Surely it’s worth noting what the BLS has to say about the BED vs the CES. They point out that they are for DIFFERENT uses. The BED tracked enterprises are longitudinally linked so employment changes based on start-ups, closings, expansions and contractions will “show the dynamic labor market changes that underlie the net enployment change statistic.” They go on to say explicitly that “As such, data users interested particularly in the net employment change and not the gross job flows underlying this change SHOULD REFER TO THE CES DATA….” (my caps). Why isn’t the the BLS view of these data series ever mentioned??
.
The BED data are directly derived from the QCEW or what used to be called es202 data. It is these data that the BLS uses to benchmark the payroll estimate each year. The BED data is simply a sorting of these data by expanding and contracting firms, along with new firms and firms that have gone out of business. The nice thing about the BED data is that the BLS publishes a seasonally adjusted verison, whereas such isn’t available in the raw QCEW data. There are a couple difinitional differences. the QCEW and BED data are slightly more inclusive than the CES data. For example, there are some agricultural, logging type, and household type workers that are included in the QCEW and BED data but are excluded from the CES. Effectively, anyone who is eligible for UI is included in the QCEW. The CES includes some workers not cover by UI including certain railroad workers, clergy etc. I think that you might find still a better fit between the BED and CES simply by taking the 3-mo change in the CES series for the quarter end months, and comparing these with the net BED changes (as oppose to the Q3 average vs teh Q2 average).
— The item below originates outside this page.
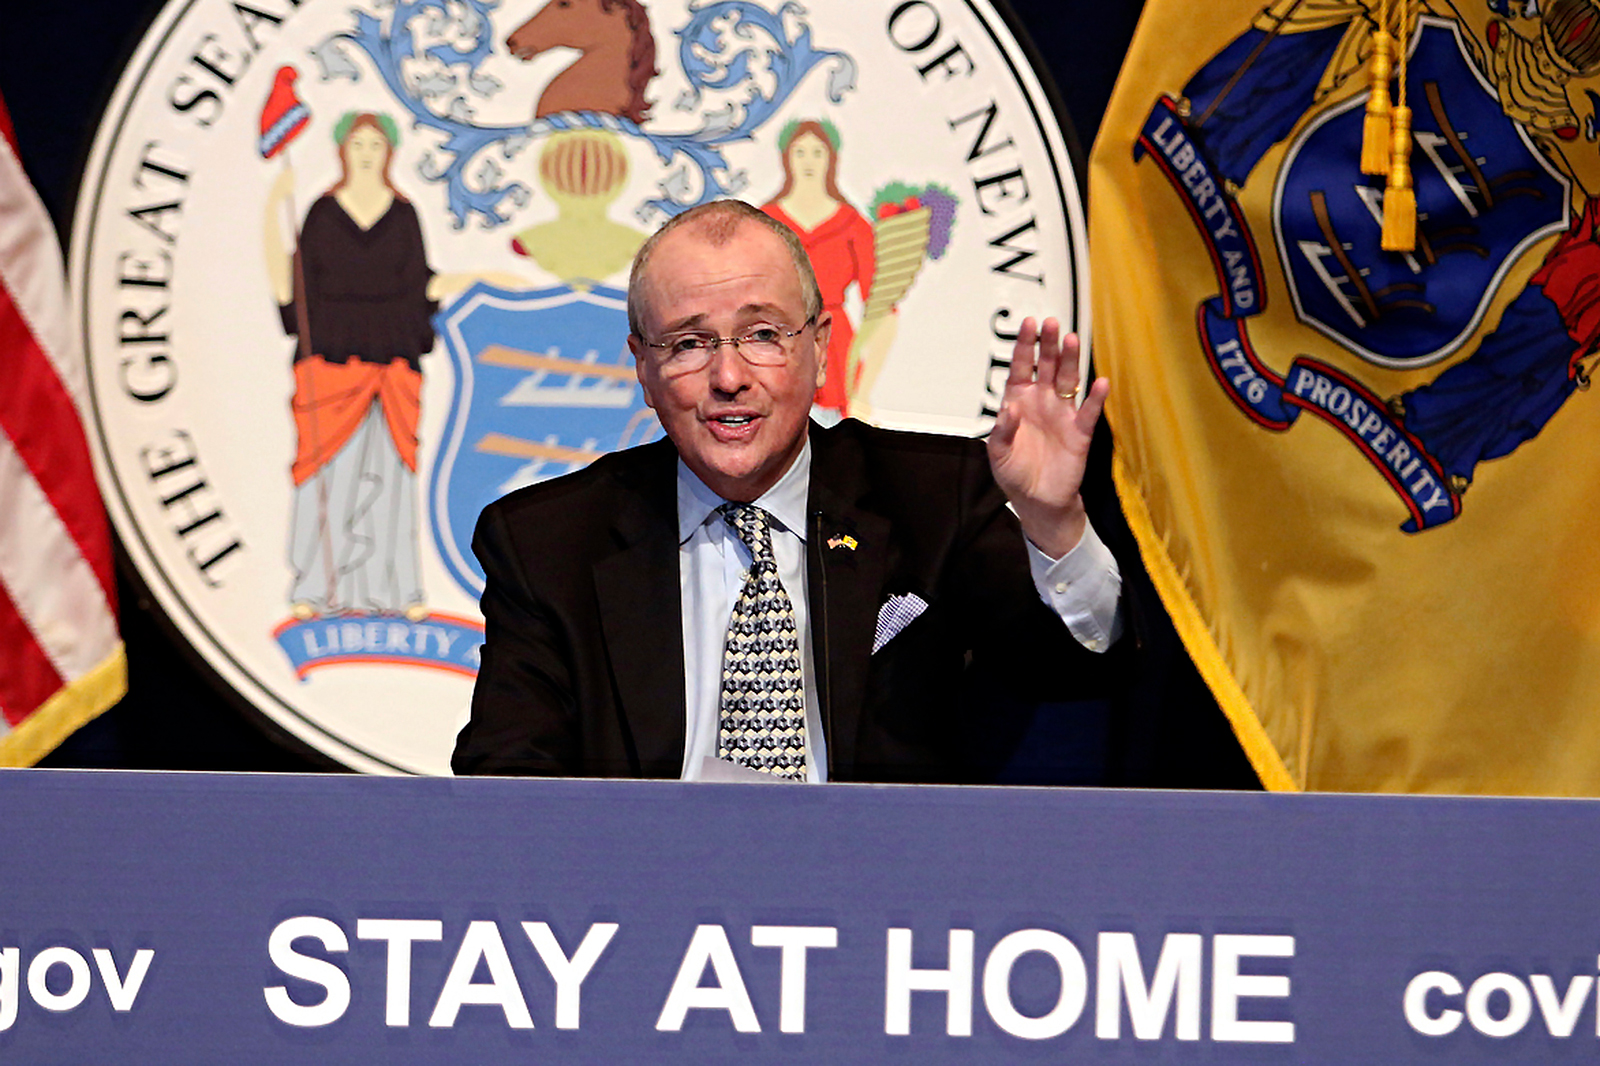 New Jersey Gov. Phil Murphy updates the state on the coronavirus pandemic during a press conference in Trenton, New Jersey on April 24.

Thanks, JDH, for all this follow up on B/D model and other BLS data. I remain convinced that perhaps some things are so complex (almost chaotic) that they can’t really be measured like this type of activity. Another example is the fact that no one can ever really predict a recession yet we know they happen – but not until long after the fact. Geez, Nostradamus could do that! I enjoy the academic repartee though.